- [What is required] This calls for a verbatim copy of all the data, with no images carried over.

- [Data extract]
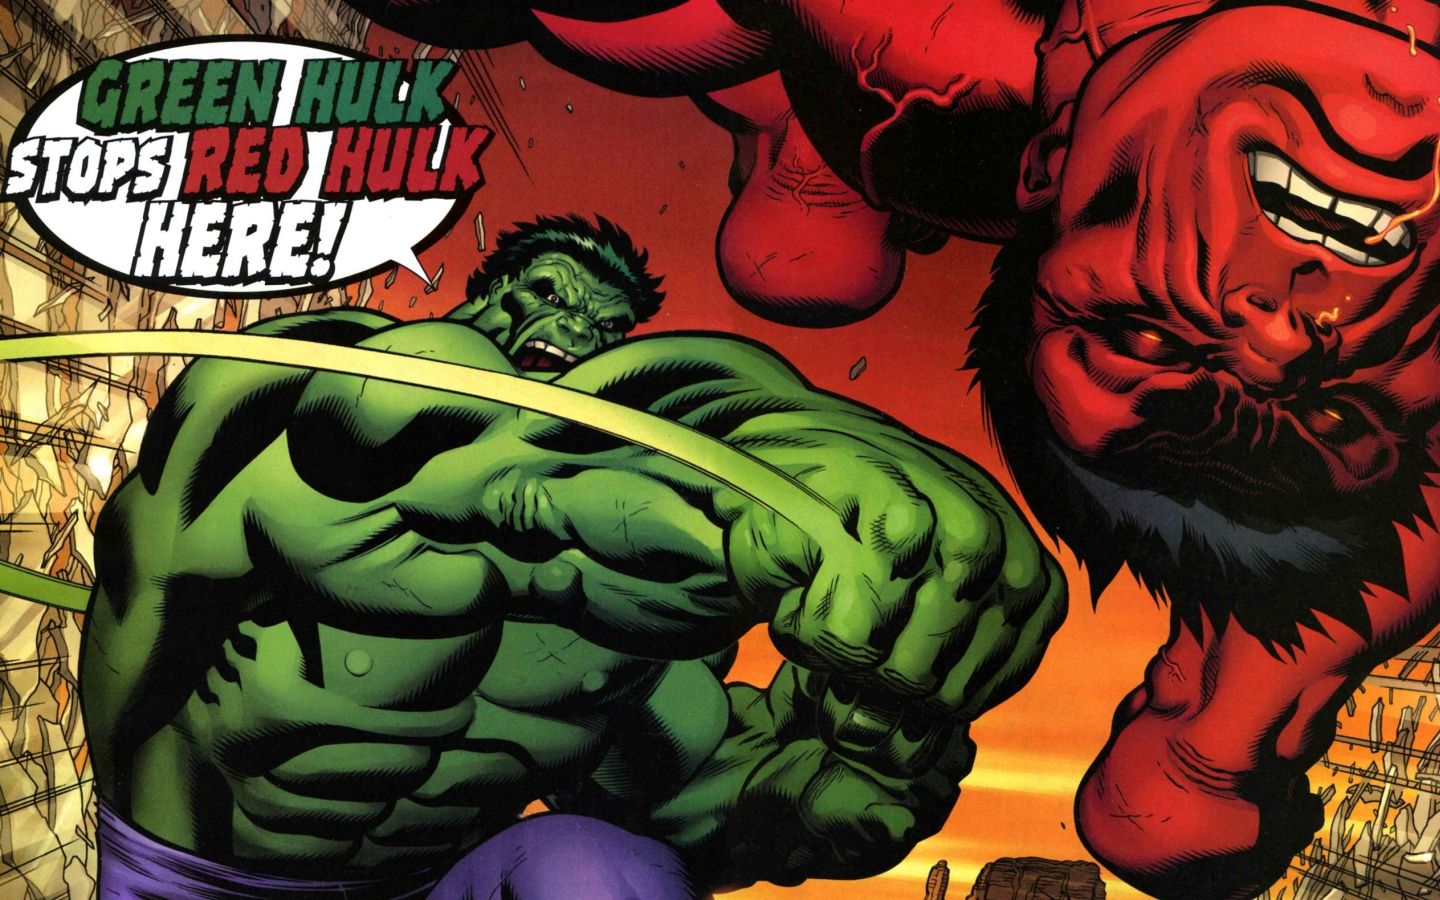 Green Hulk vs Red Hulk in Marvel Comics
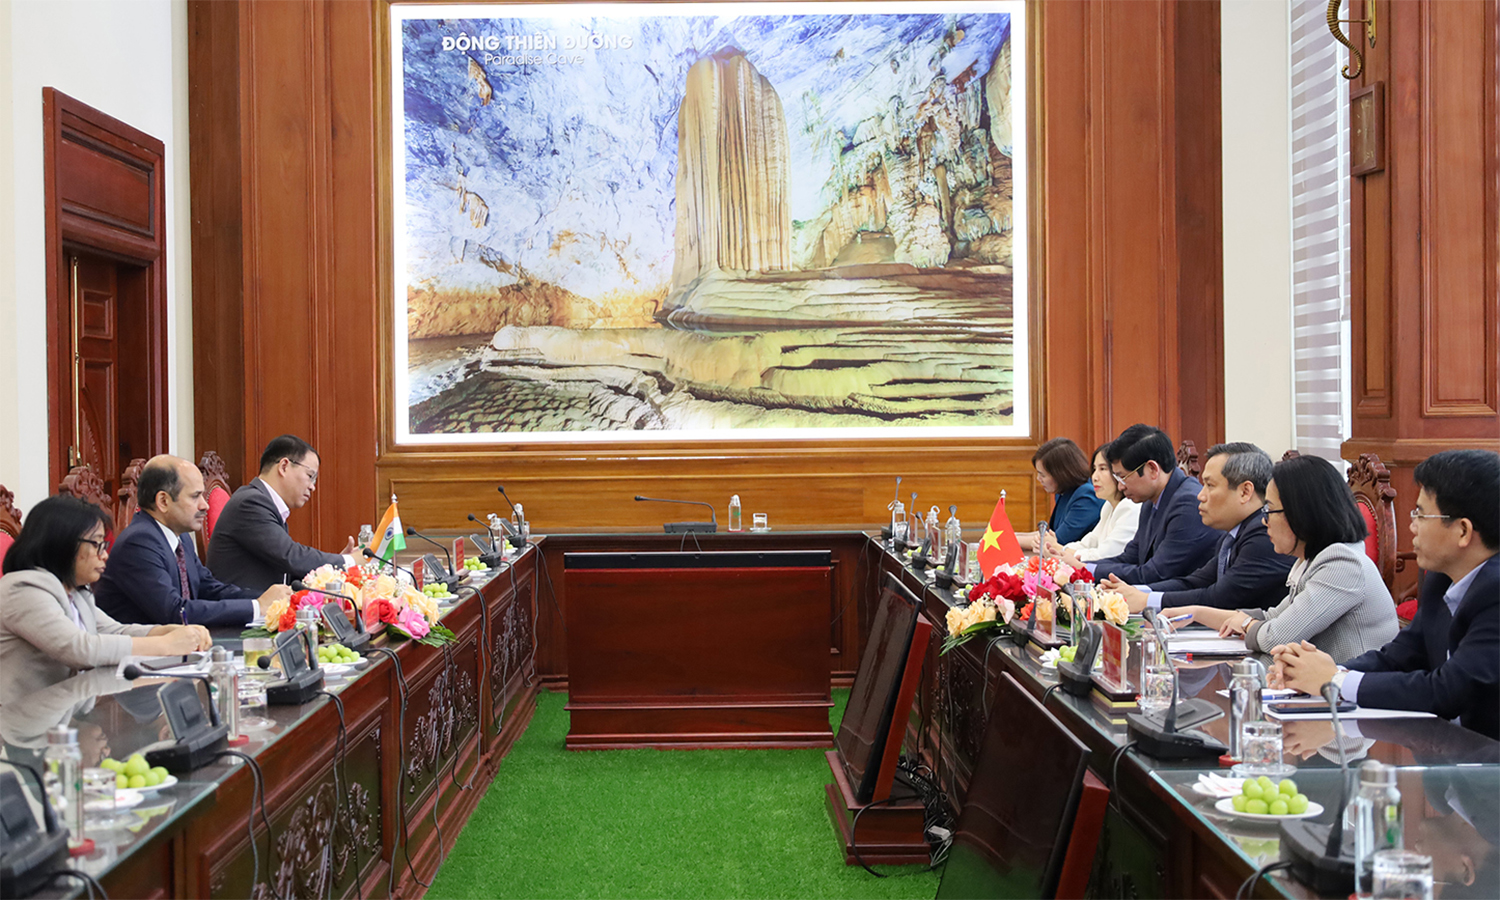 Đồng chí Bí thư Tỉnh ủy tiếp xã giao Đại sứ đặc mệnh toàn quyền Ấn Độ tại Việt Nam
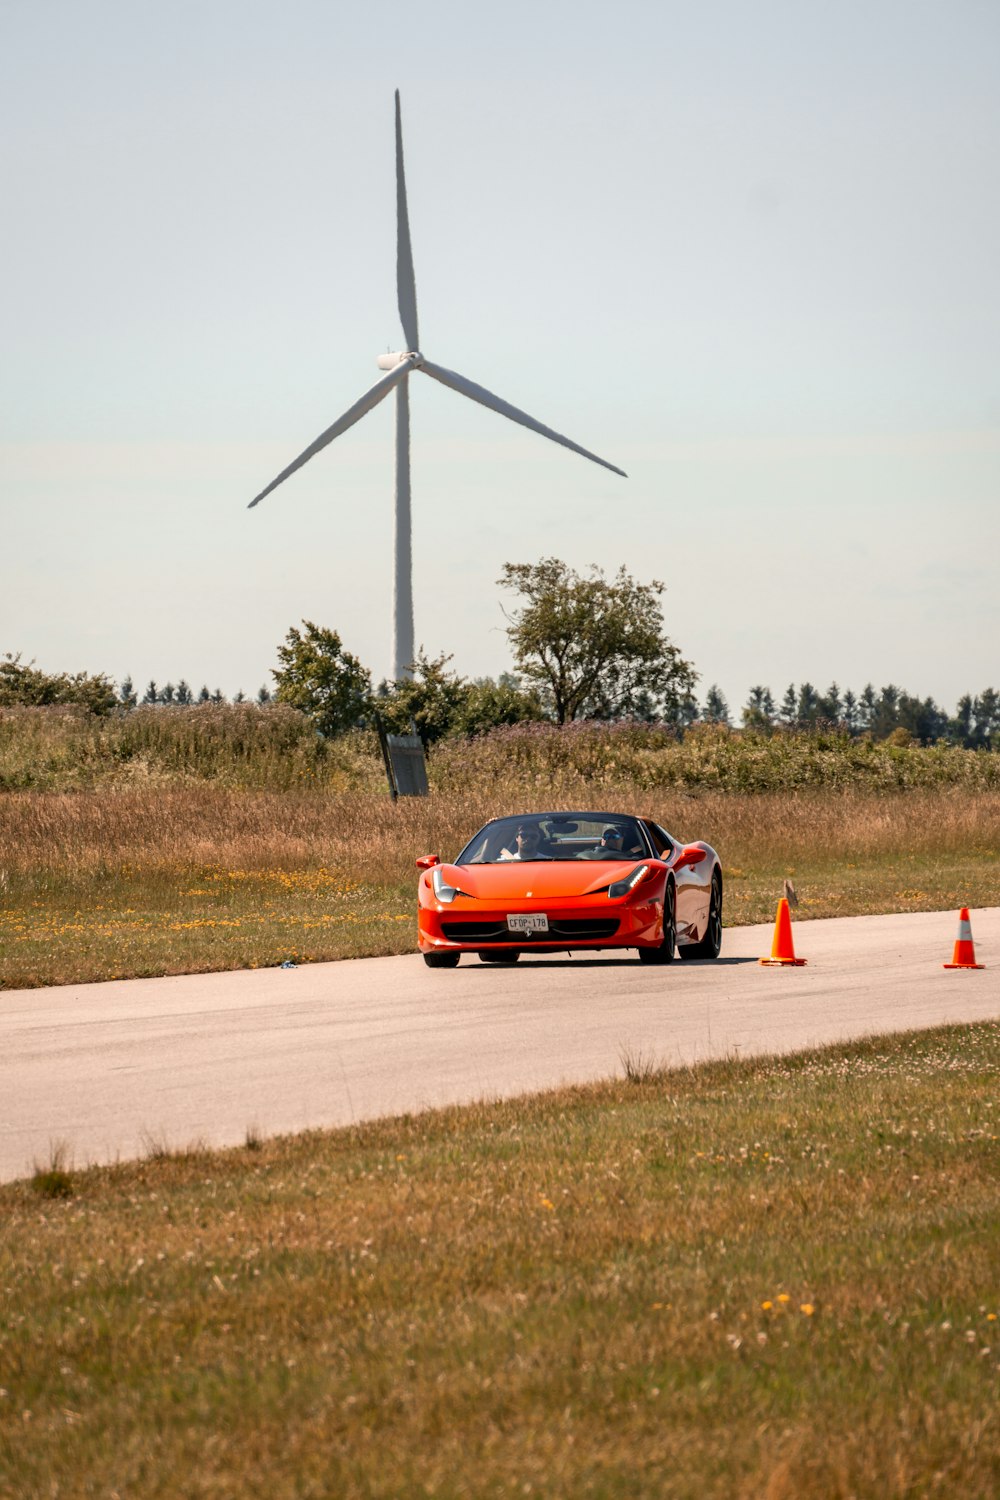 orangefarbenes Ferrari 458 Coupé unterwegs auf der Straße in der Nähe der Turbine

- [Solved exercise]
 Green Hulk vs Red Hulk in Marvel Comics
 Đồng chí Bí thư Tỉnh ủy tiếp xã giao Đại sứ đặc mệnh toàn quyền Ấn Độ tại Việt Nam
 orangefarbenes Ferrari 458 Coupé unterwegs auf der Straße in der Nähe der Turbine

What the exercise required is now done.